Introduction to Python Pandas Module
Python is one of the most popular programming languages used for various purposes. Analyzing data is one of the most widely used applications of Python.
One of the most influential Python libraries used for data analysis is Pandas. Pandas is a high-level data manipulation tool that provides data structures and functions to manipulate and analyze data efficiently.
Creation of a DataFrame in Pandas Module
A DataFrame is a two-dimensional table in Pandas which consists of rows and columns. It is a fundamental tool for analyzing and manipulating data in Pandas.
To create a DataFrame, one needs to import the Pandas library and create an empty DataFrame using the Pandas DataFrame() method. Here is an example:
1. Creating an Empty DataFrame
import pandas as pd
df = pd.DataFrame()
After creating an empty DataFrame, one can add data to it by specifying the rows and columns. Example:
2. Creating a DataFrame with Data
import pandas as pd
students_data = {"Student": ["John","Sarah","Matt","Lena","Kim"],
"Math": [90,75,80,85,98],
"Physics":[85,80,90,82,95],
"Chemistry":[95,87,80,90,91]}
df = pd.DataFrame(students_data)
In the above example, we have created a DataFrame called students_data that includes information about five students. The DataFrame consists of four columns: Student, Math, Physics, and Chemistry.
The rows represent each student.
Manipulating DataFrame
Manipulating a DataFrame is a crucial part of data analysis. In Pandas, one can manipulate data using various functions such as loc[], iloc[], and drop().
1. Using the loc[] Function
The loc[] function helps to select data using labels. Here’s an example:
import pandas as pd
students_data = {"Student": ["John","Sarah","Matt","Lena","Kim"],
"Math": [90,75,80,85,98],
"Physics":[85,80,90,82,95],
"Chemistry":[95,87,80,90,91]}
df = pd.DataFrame(students_data)
df.set_index('Student',inplace=True)
math_marks = df.loc[['Matt','John'],'Math']
In the above example, using loc[], we have extracted the math marks of two students, Matt and John.
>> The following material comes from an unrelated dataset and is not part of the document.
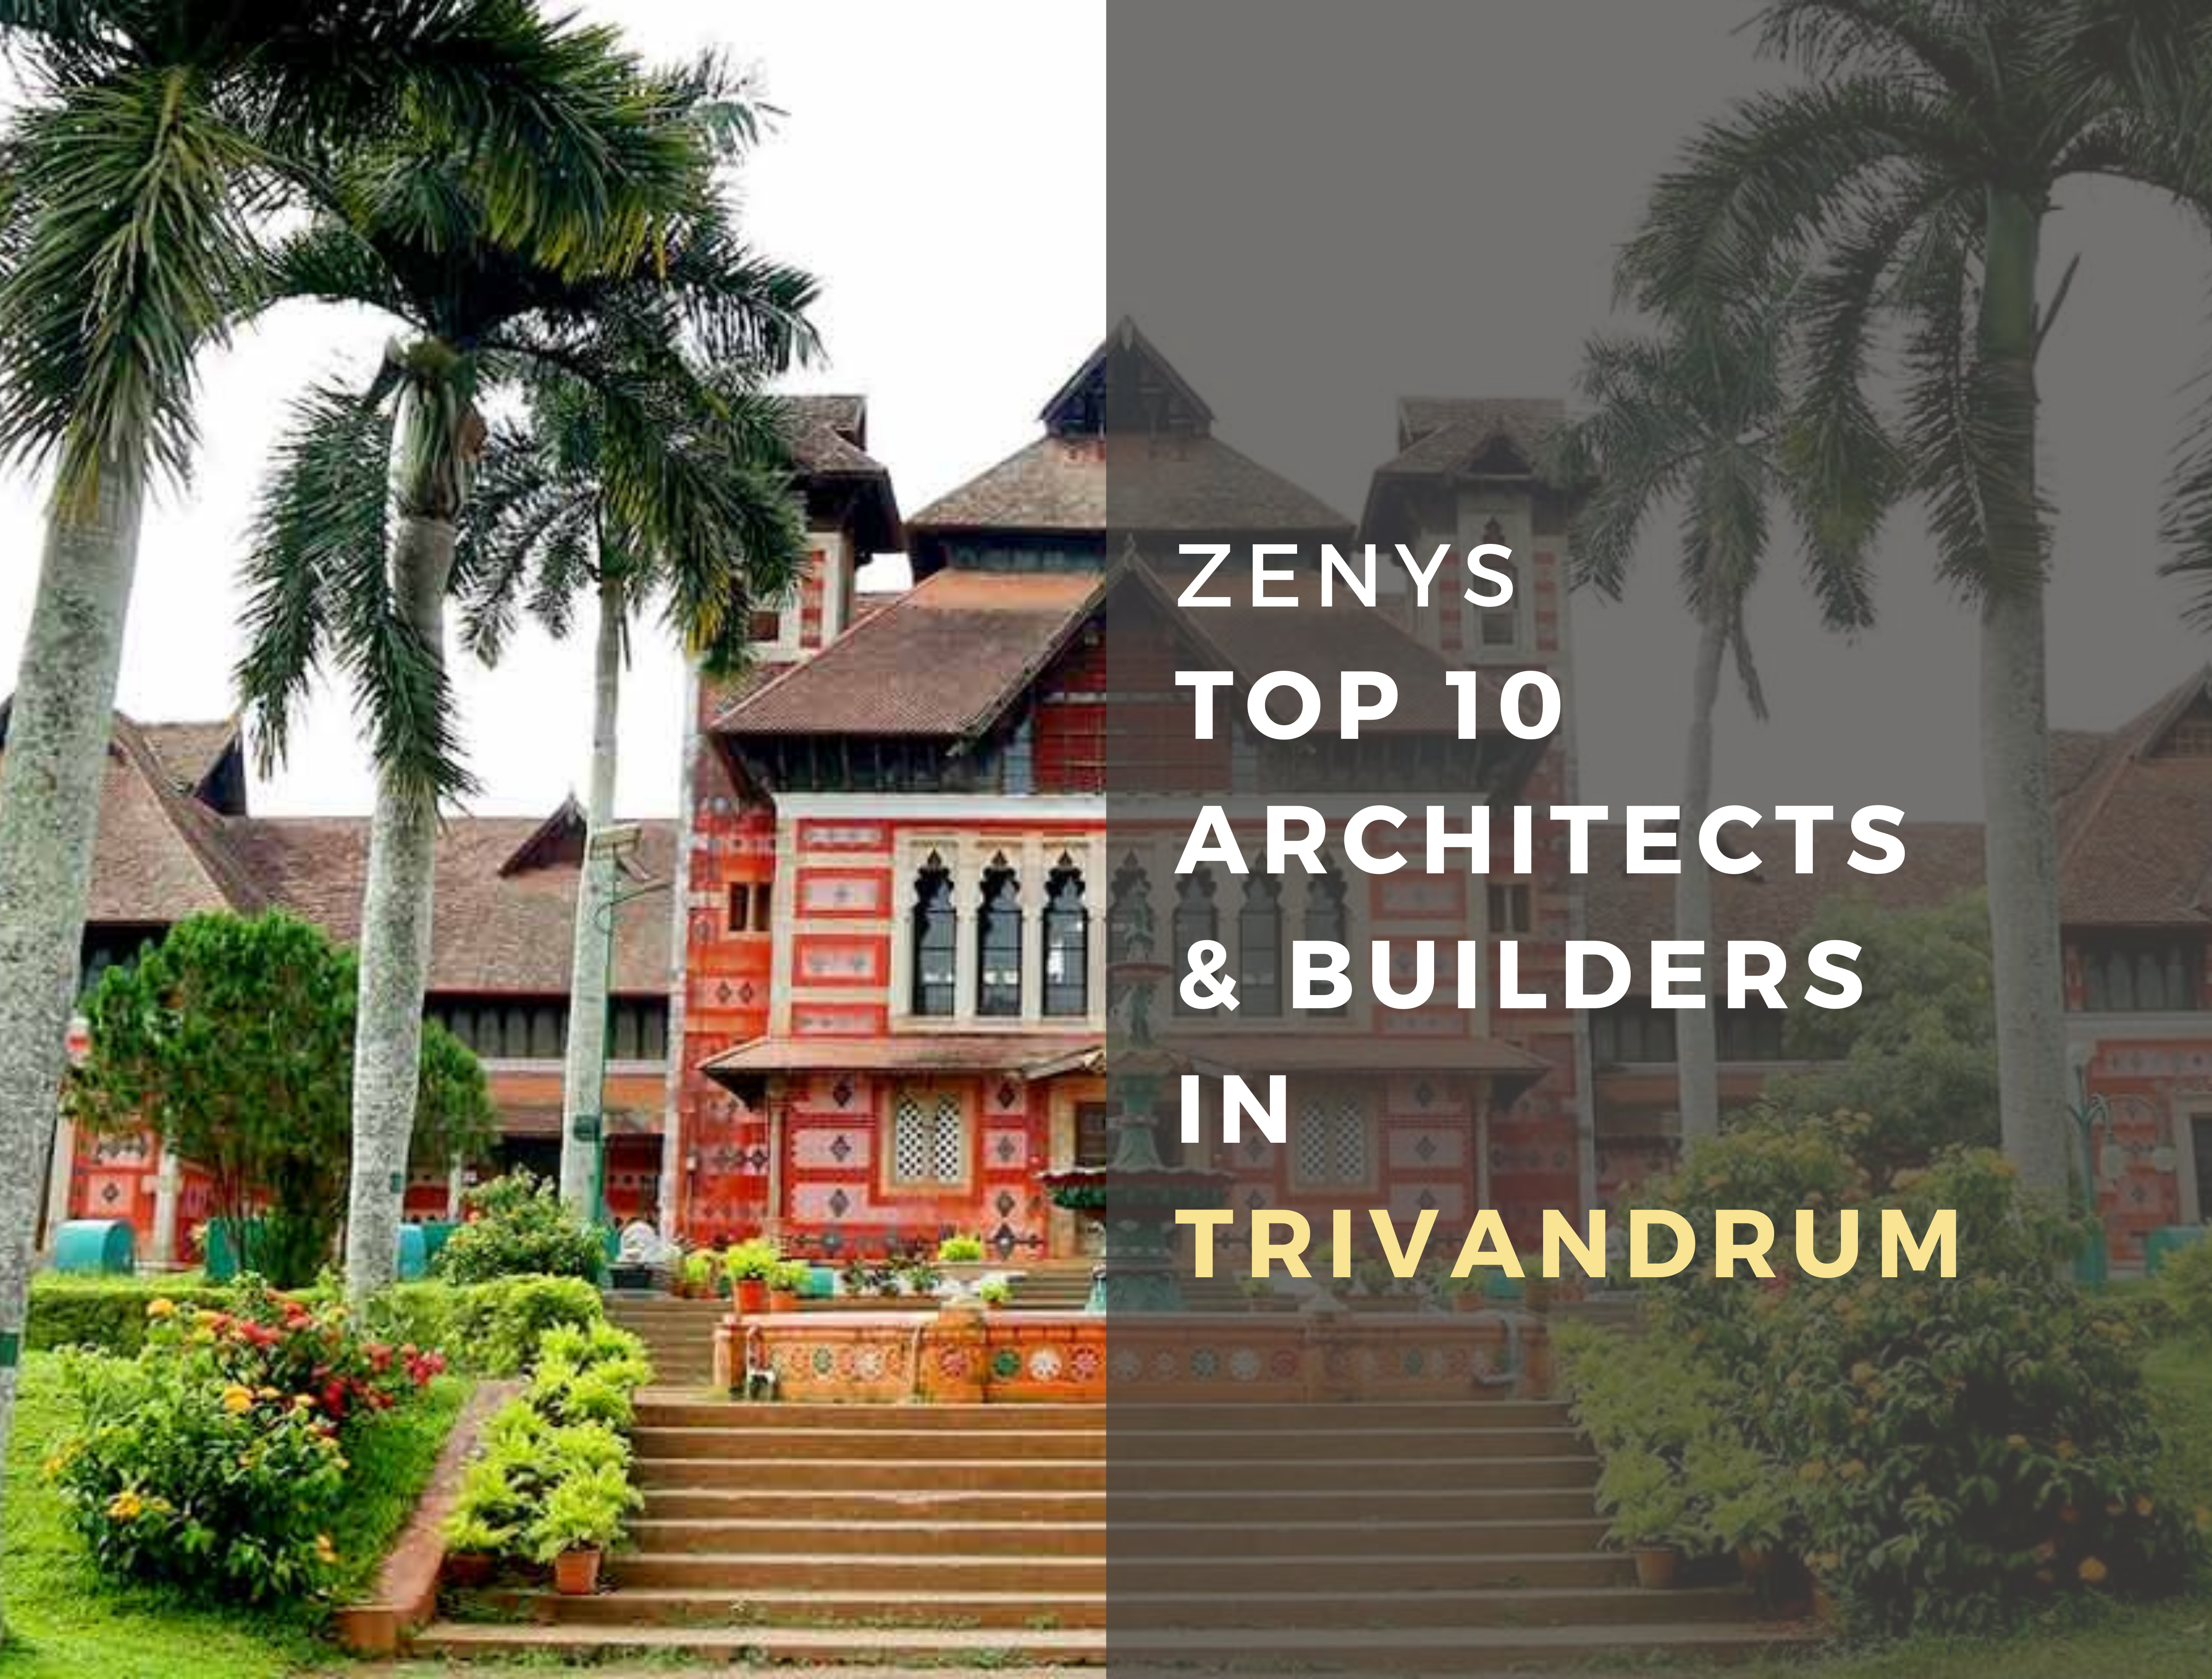 Top 10 Architects in Trivandrum

The iloc[] function is similar to loc[], but instead of using labels, it uses the integer-based index.
2. Using the iloc[] Function
Here’s an example:
import pandas as pd
data = {"Country": ["USA","India","China","Russia"],
"Population(2019)": [328,1371,1403,144.5],
"GDP": [21.44,2.7,14.14,1.64]}
df = pd.DataFrame(data)
df = df.iloc[1:3]
In the above example, using iloc[], we have extracted the data for rows with integer-based index values of 1 and 2. The drop() function helps to remove a row or column from a DataFrame.
3. Using the drop() Function
Here’s an example:
import pandas as pd
students_data = {"Student": ["John","Sarah","Matt","Lena","Kim"],
"Math": [90,75,80,85,98],
"Physics":[85,80,90,82,95],
"Chemistry":[95,87,80,90,91]}
df = pd.DataFrame(students_data)
df.drop([2,4],inplace=True)
In the above example, using the drop() function, we have removed rows with index values 2 and 4 from the DataFrame.
Saving a DataFrame as a CSV file
Once you have analyzed the data, it is essential to share your analysis with others. One of the ways to share the analysis is by sharing the data frame itself.
However, sharing the DataFrame alone is not enough. One needs to share it in a standardized format that can be used on multiple platforms.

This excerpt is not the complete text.